• [RECORDED DATA]:
━━━━━━━━━━━━━━━━
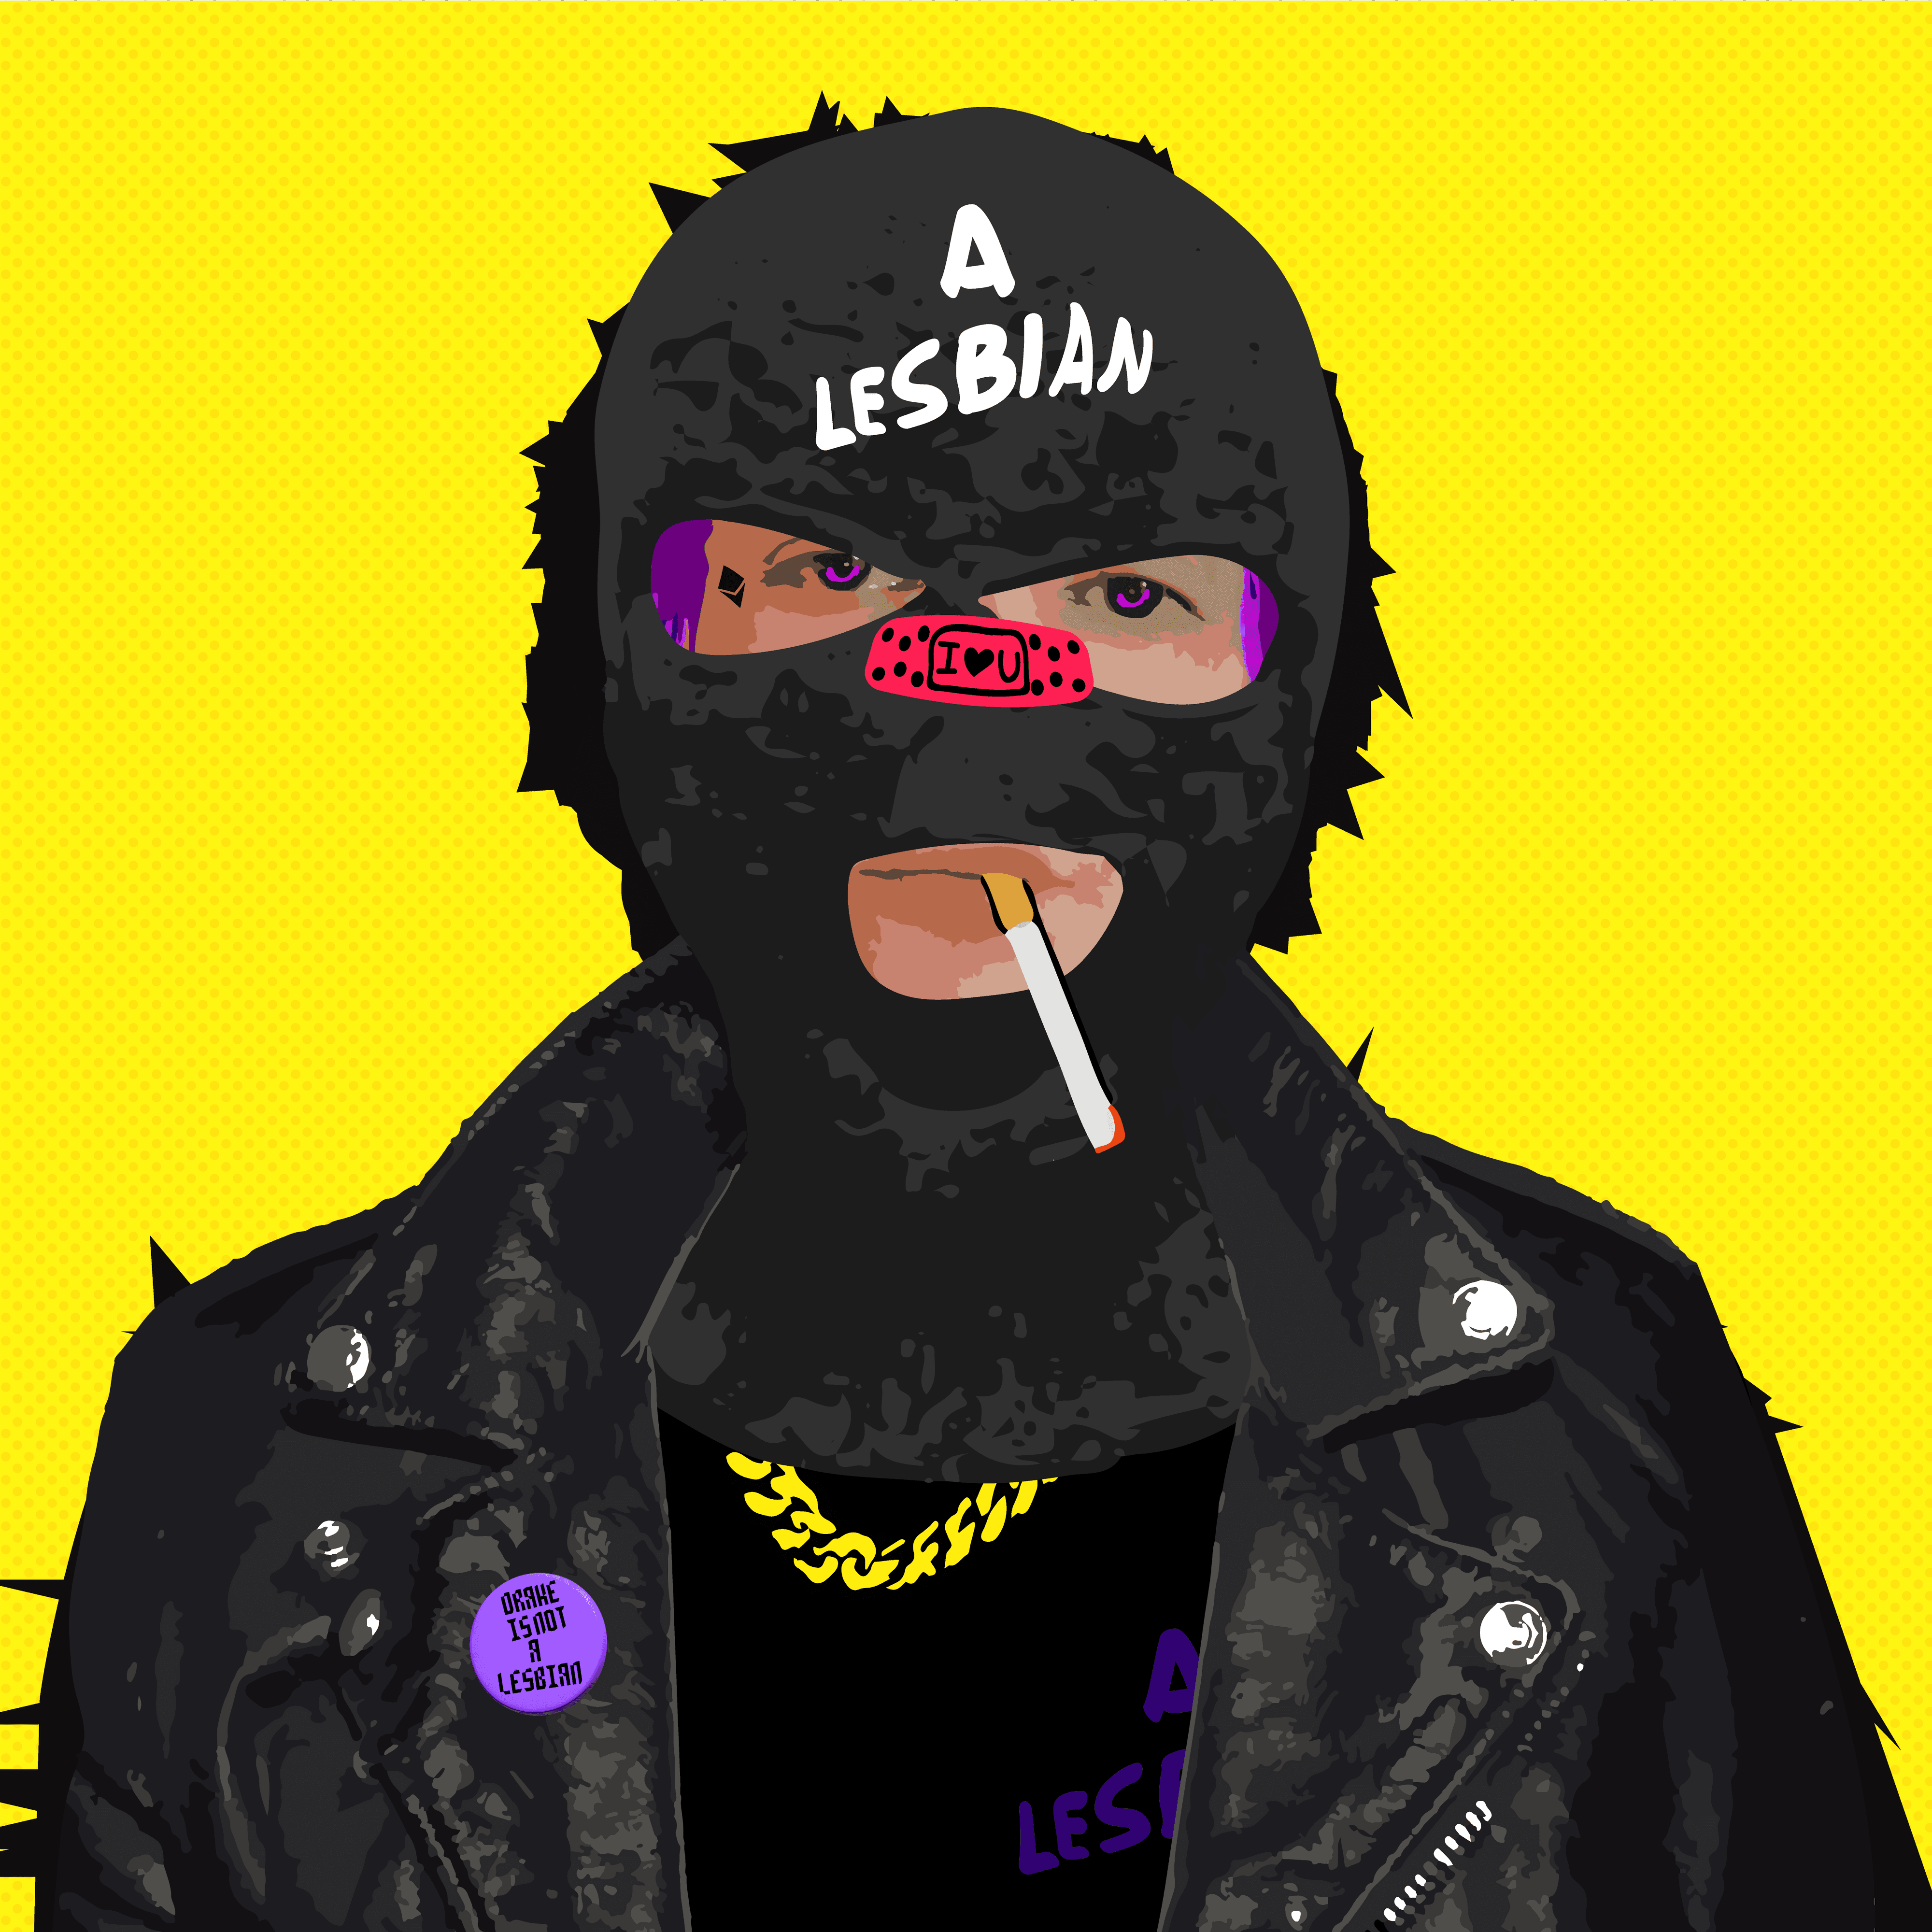 a_lesbian
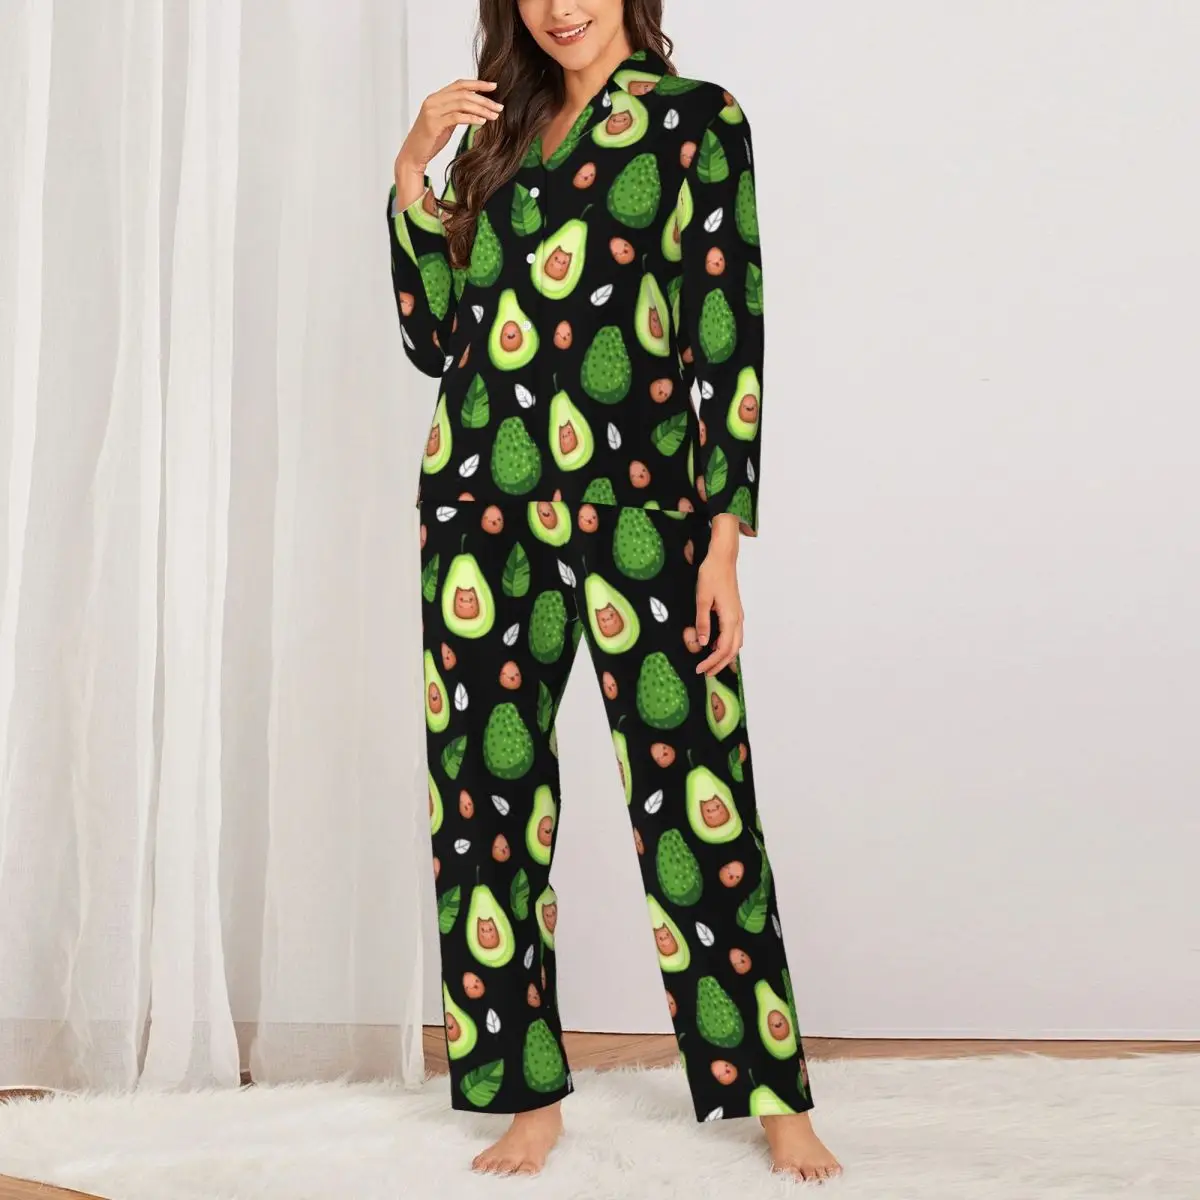 

Пижамный комплект Kawaii авокадо Осенняя Ночная пижама с принтом зеленых фруктов Женская Повседневная Ночная рубашка из 2 предметов большого размера Дизайнерская одежда для сна подарок на день рождения
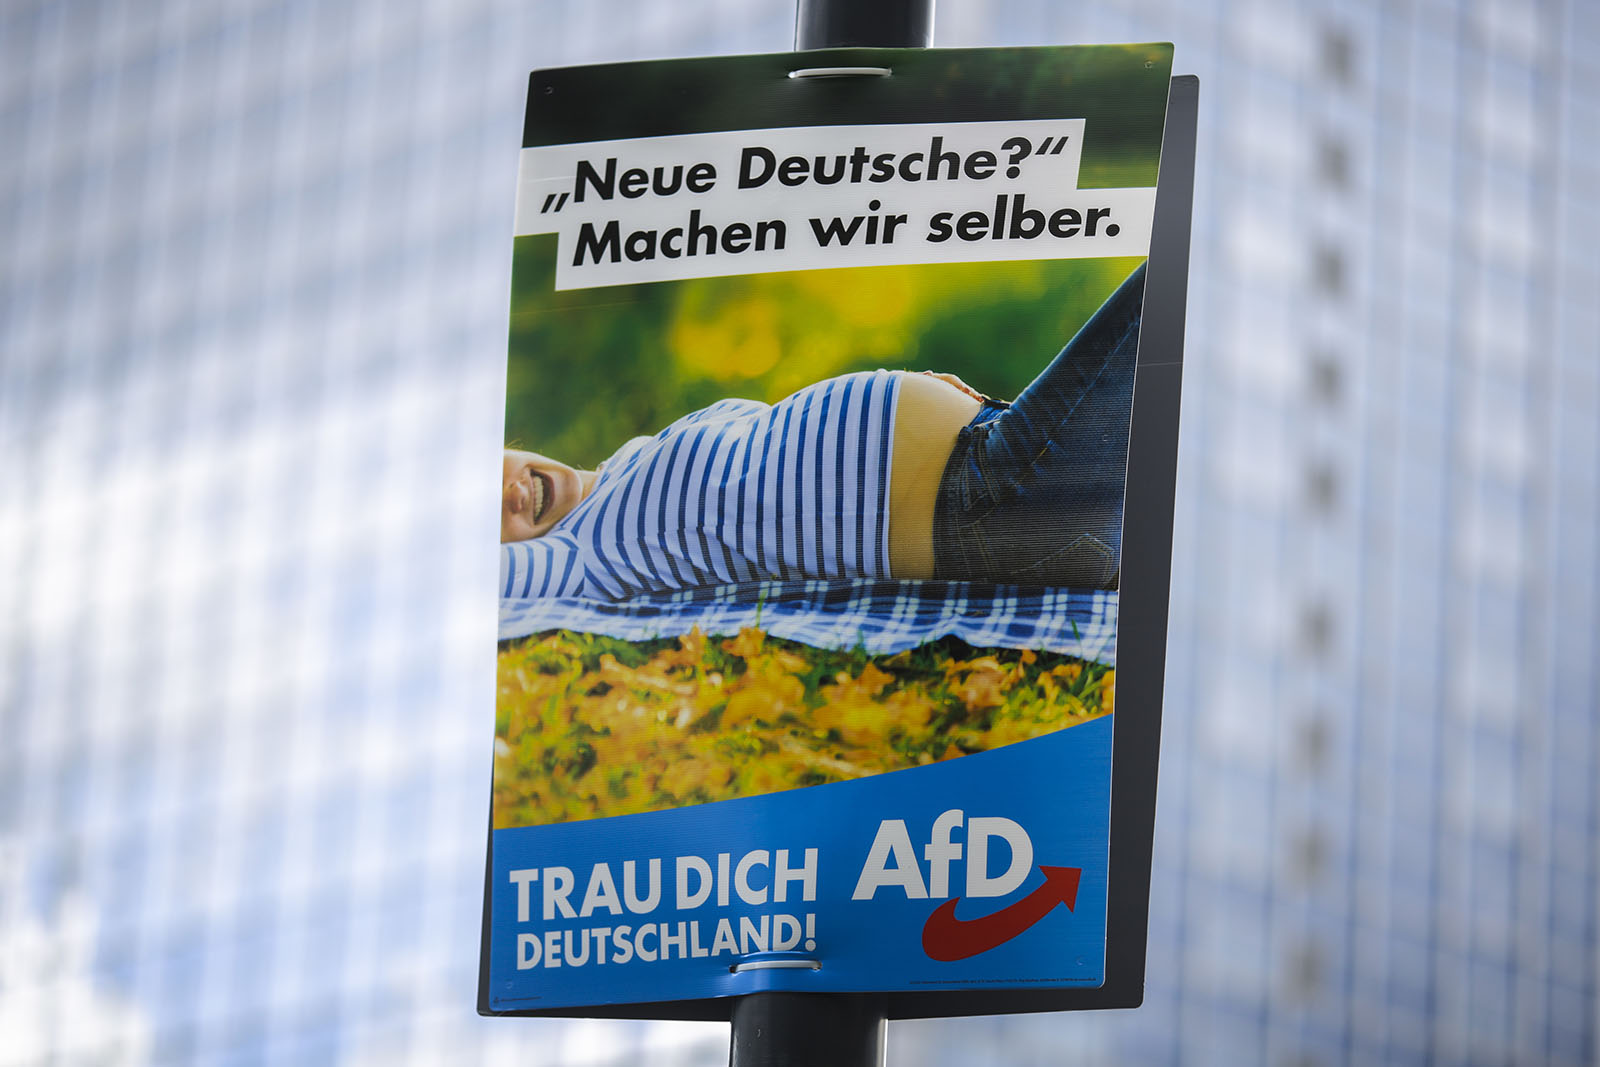 כרזה בחירות של מפלגת AFD אלטרנטיבה לגרמניה &quot;גרמנים חדשים?- אנחנו נכין אותם בעצמנו.&quot; בברלין 13 באוגוסט (צילום: AP Photo/Markus Schreiber)
━━━━━━━━━━━━━━━━
• [EXERCISE GOAL]:
The copy should run from the first line of the material above through the line with "Пижамный комплект Kawaii", repeated exactly and without pictures.

• [OUTPUT OF THE TASK]:
 a_lesbian

Пижамный комплект Kawaii авокадо Осенняя Ночная пижама с принтом зеленых фруктов Женская Повседневная Ночная рубашка из 2 предметов большого размера Дизайнерская одежда для сна подарок на день рождения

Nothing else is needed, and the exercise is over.